**Record set**
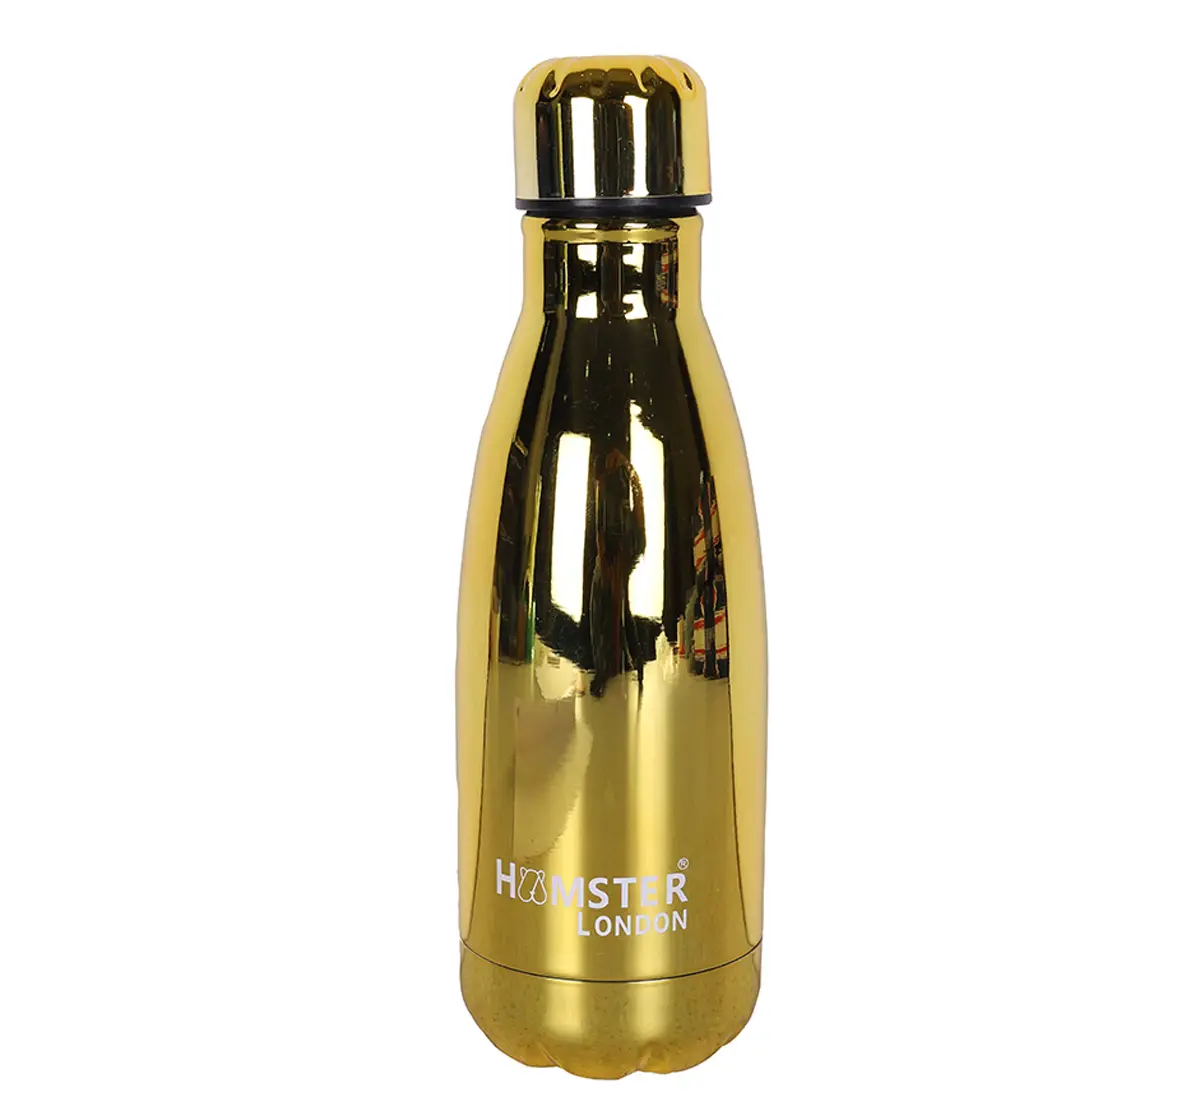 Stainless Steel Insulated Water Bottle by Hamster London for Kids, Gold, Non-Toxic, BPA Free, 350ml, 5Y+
...
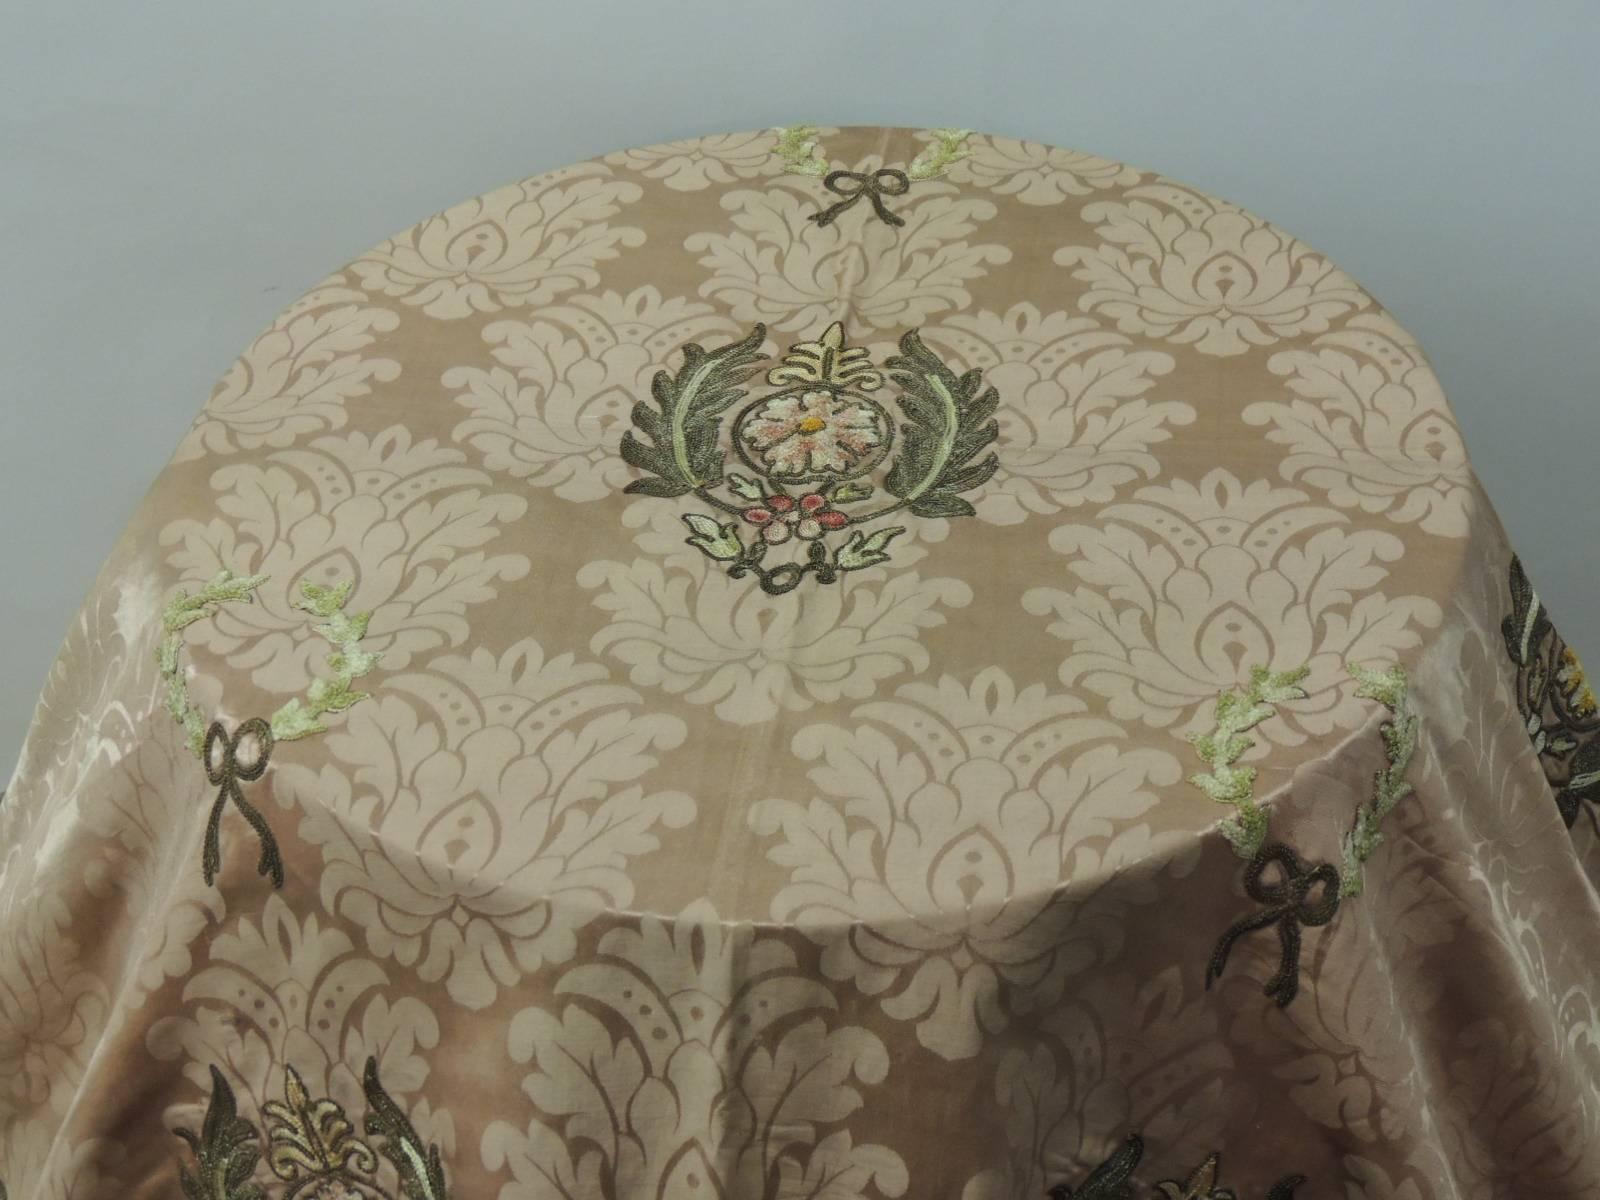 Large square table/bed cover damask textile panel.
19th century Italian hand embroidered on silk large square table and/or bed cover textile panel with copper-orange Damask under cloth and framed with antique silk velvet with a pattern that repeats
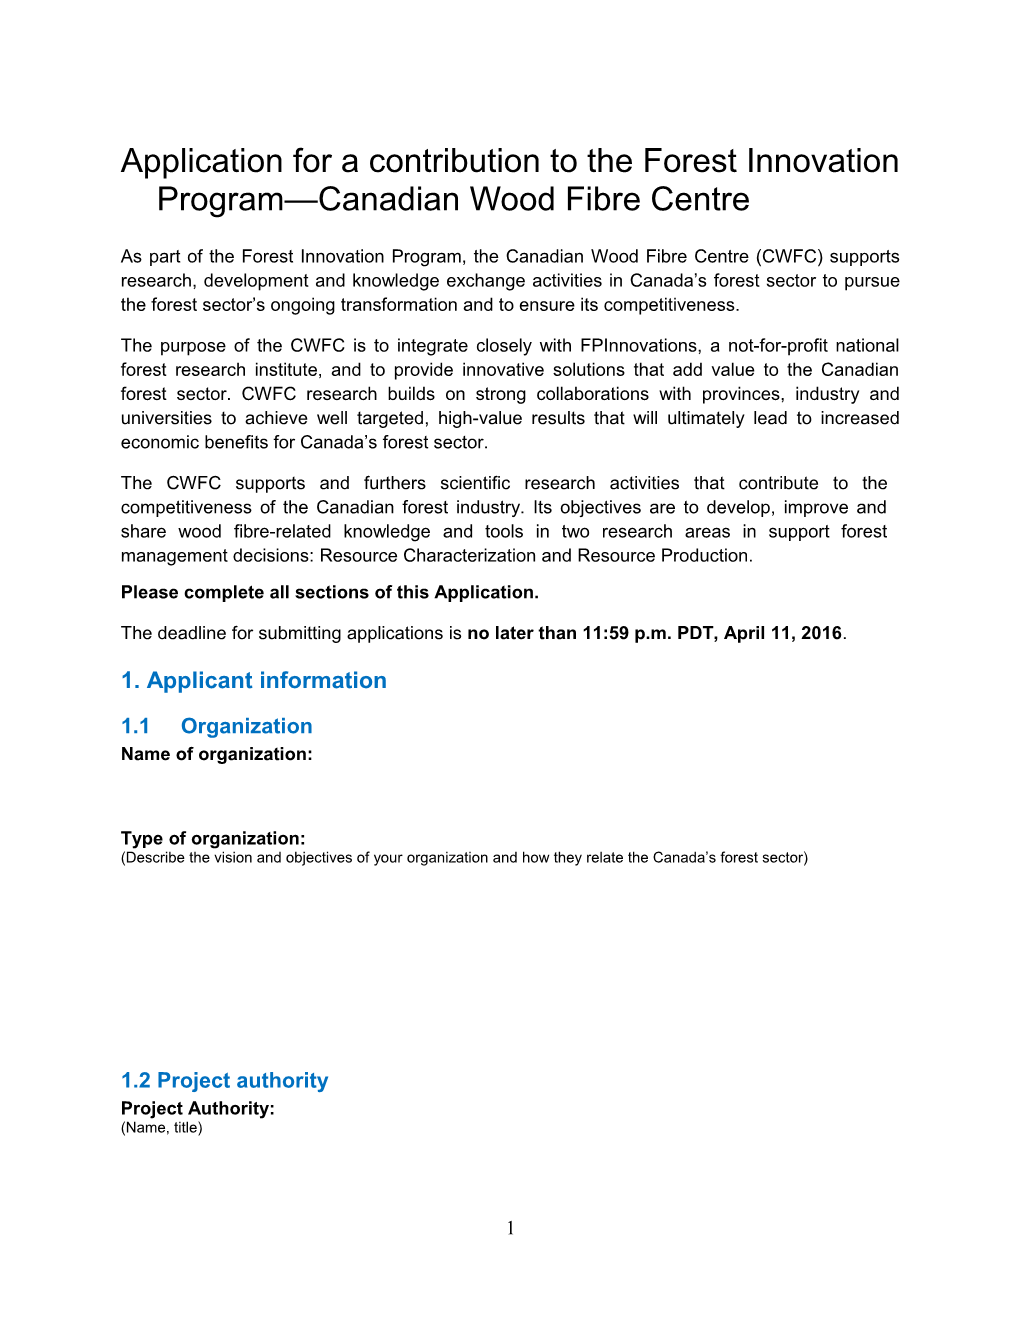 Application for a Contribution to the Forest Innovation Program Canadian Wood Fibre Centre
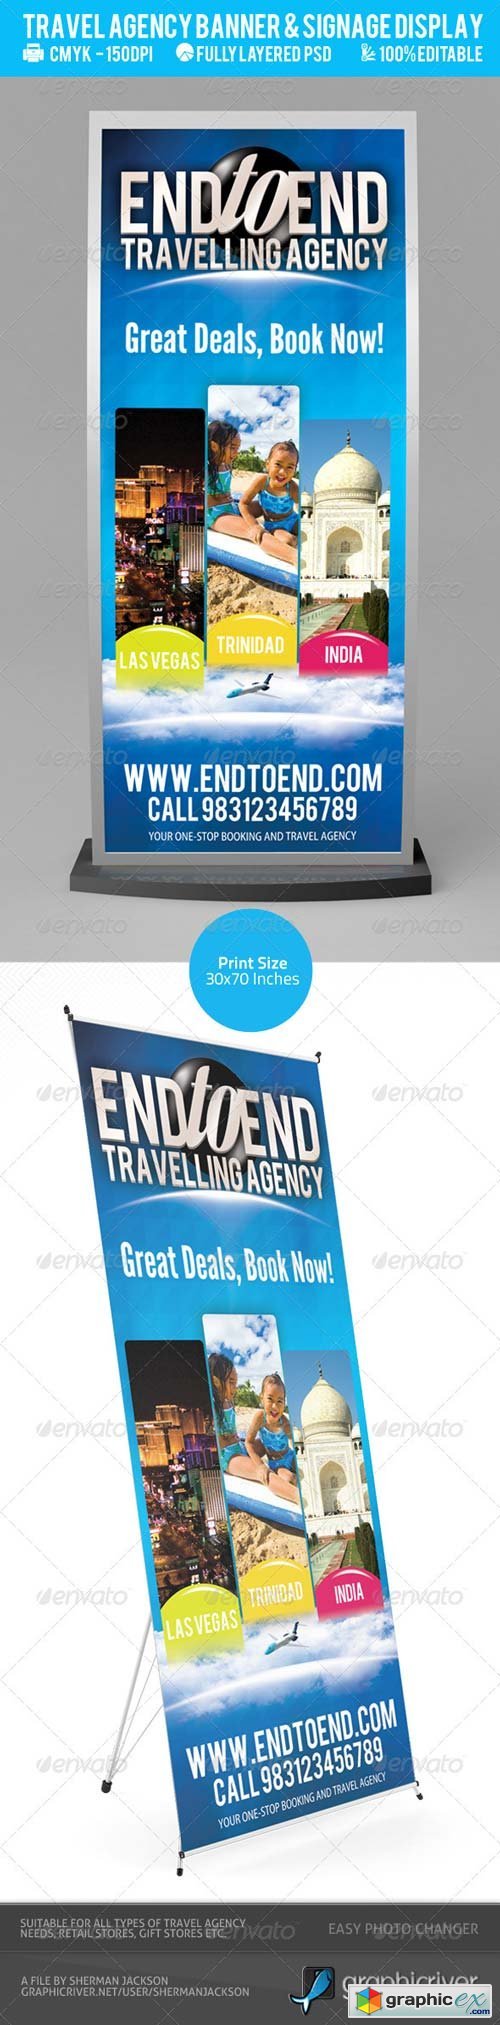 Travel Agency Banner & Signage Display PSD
--
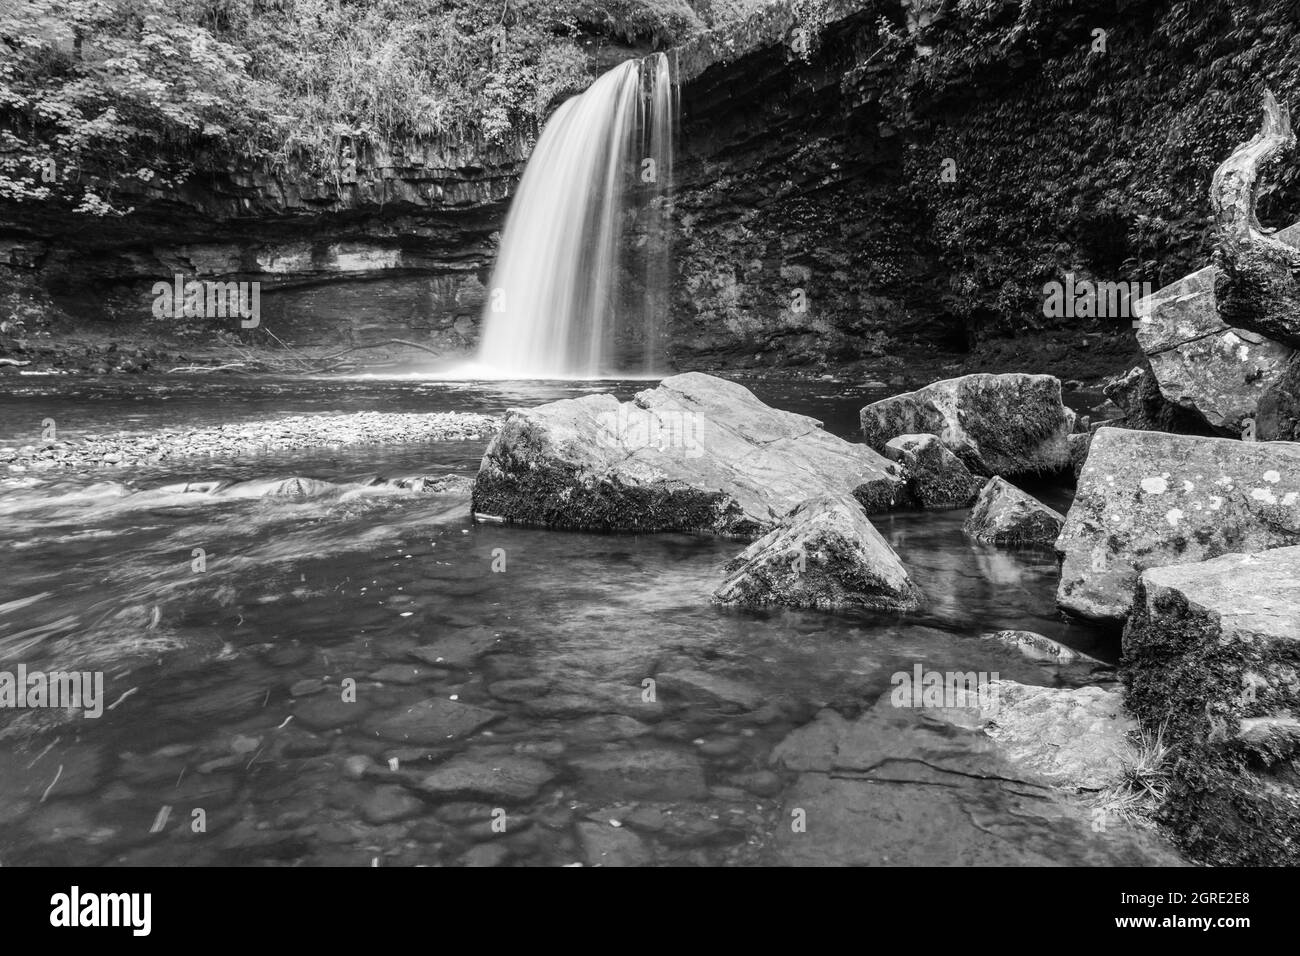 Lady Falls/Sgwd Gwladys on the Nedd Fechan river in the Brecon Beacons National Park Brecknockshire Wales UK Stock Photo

**Aim of the exercise**
Could you write out exactly the lines of the data above that run from the one holding "19th century Italian" to the one holding "Travel Agency Banner & Signage Display PSD", with both ends in and all pictures out?

**Result for this task**
19th century Italian hand embroidered on silk large square table and/or bed cover textile panel with copper-orange Damask under cloth and framed with antique silk velvet with a pattern that repeats
 Application for a Contribution to the Forest Innovation Program Canadian Wood Fibre Centre
 Travel Agency Banner & Signage Display PSD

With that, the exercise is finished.